When would you want to do this? Quite often it turns out! Imagine you run an e-commerce site. You can easily imagine that you’d have a number of different services on the backend - two of which might be an “order” service and a “shipment” service. When a new record is inserted into your order table, your shipment service probably needs to know about that. This is often referred to as “event sourcing” in the microservice world, but it’s certainly not exclusive to microservices (Chris Richardson has a good article about event sourcing that you should check out). Any system that has proper separation of concerns will need a way to communicate changes when more than one piece of the architecture has a need to know.

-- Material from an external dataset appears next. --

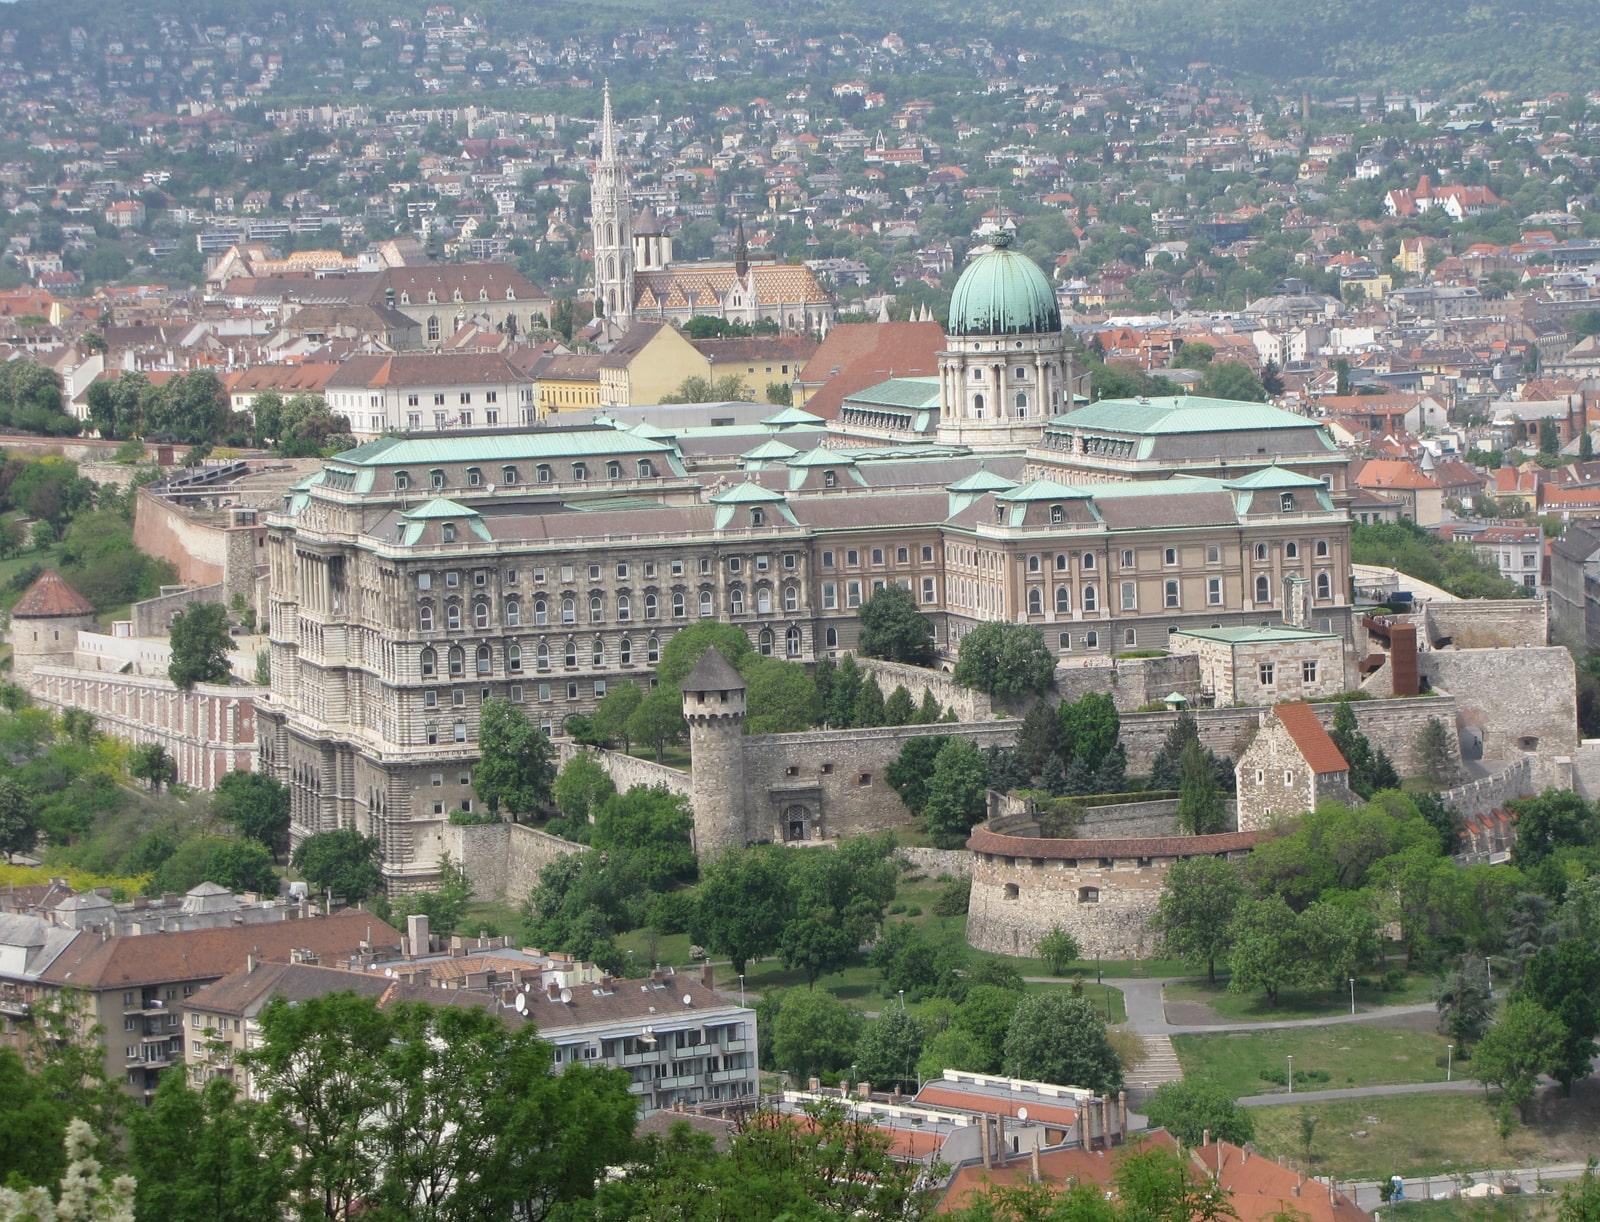 Budimpešta, Budimski dvorac, Budapest, Buda castle

Here’s a diagram of how this is typically accomplished:

Following the theme of this series, we’re going to improve this design by using the database to capture any changes to our table and broadcast them to a stream using Oracle Streaming Service with the DBMS_CLOUD package. Instead of our order service broadcasting the change to our message queue, we’ll eliminate a potential point of failure and simplify our architecture by letting the DB announce the changes itself. Here’s another horribly drawn representation of this improved flow:

If you read my last post, the concept of using the DB to interact with our cloud based stream should be somewhat familiar by now. If you are new to working with RDBMS you may be asking yourself how we will be able to capture the changes. We’ll accomplish that by using triggers!

What Are Triggers?

Again, my apologies to the vets among the crowd, but since I want to make sure that those who may be new to working with RDBMS are up to speed, I’d like to take a minute to define what a trigger is. Feel free to skip to the next section if you’re familiar with triggers. Now, our documentation does a very thorough job of explaining them, but let me break it down a bit more.

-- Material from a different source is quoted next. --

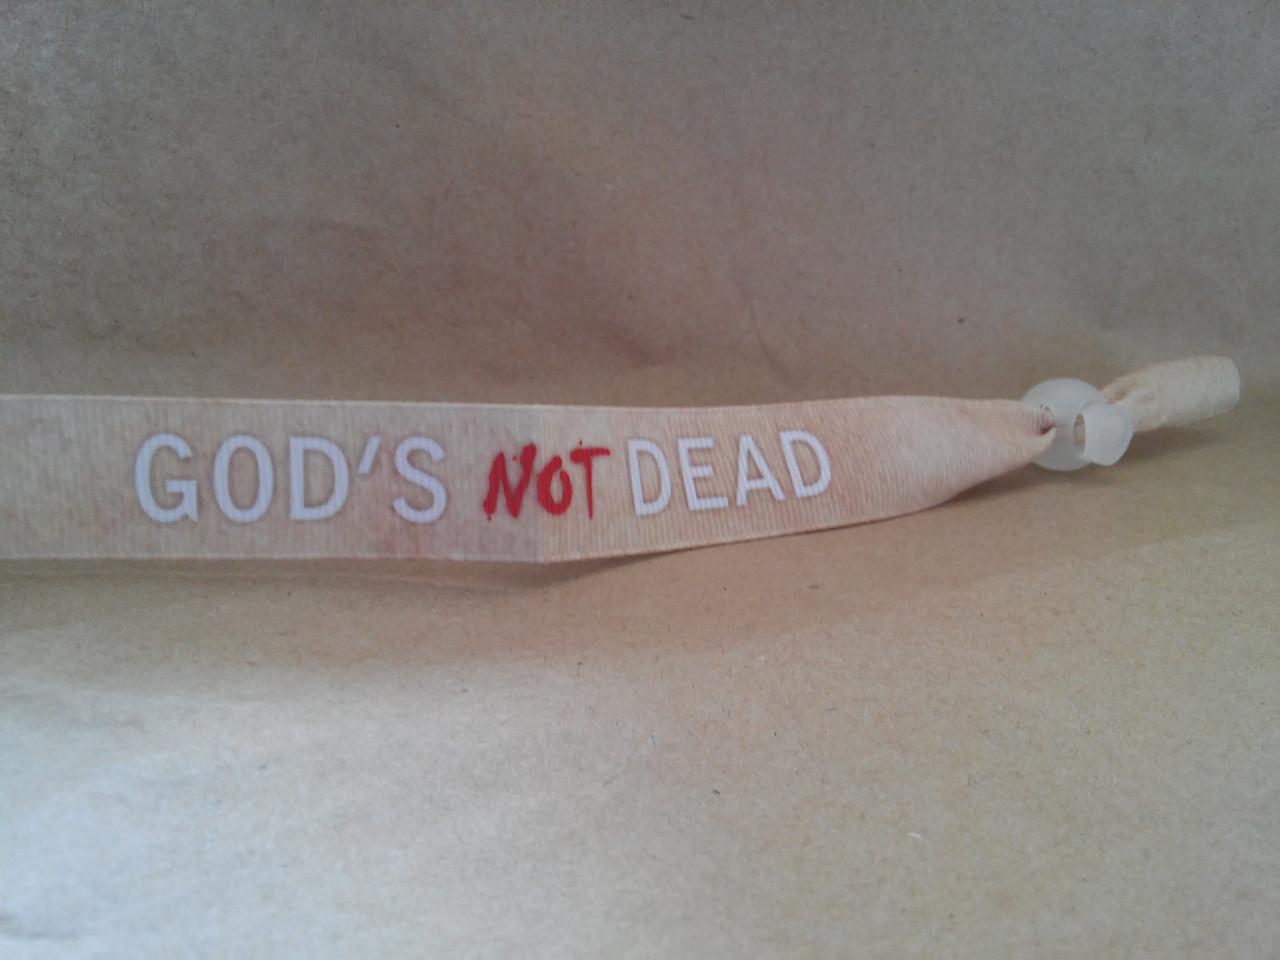 Текстильний браслет: God's not DEAD

A trigger is somewhat similar to a stored procedure, in that it can be stored in the database and invoked repeatedly. They differ from stored procedures because you can enable or disable them. Also, you can’t manually invoke them. When a trigger is enabled, it fires automatically. You can define a trigger on many items in the database - a table, view or even the database itself. For our use case, we’ll define it on our table which means it’s a DML trigger.

Whoa...there's a potentially new term: DML...

DML is an abbreviation that stands for Data Manipulation Language. It’s used to refer to objects that can be manipulated or statements that access, modify or retrieve data. INSERT statements, UPDATE statements, DELETEs - these are all examples of DML. DDL stands for Data Definition Language and is used to refer to statements that define or create objects in the database. CREATE or ALTER statements, for example.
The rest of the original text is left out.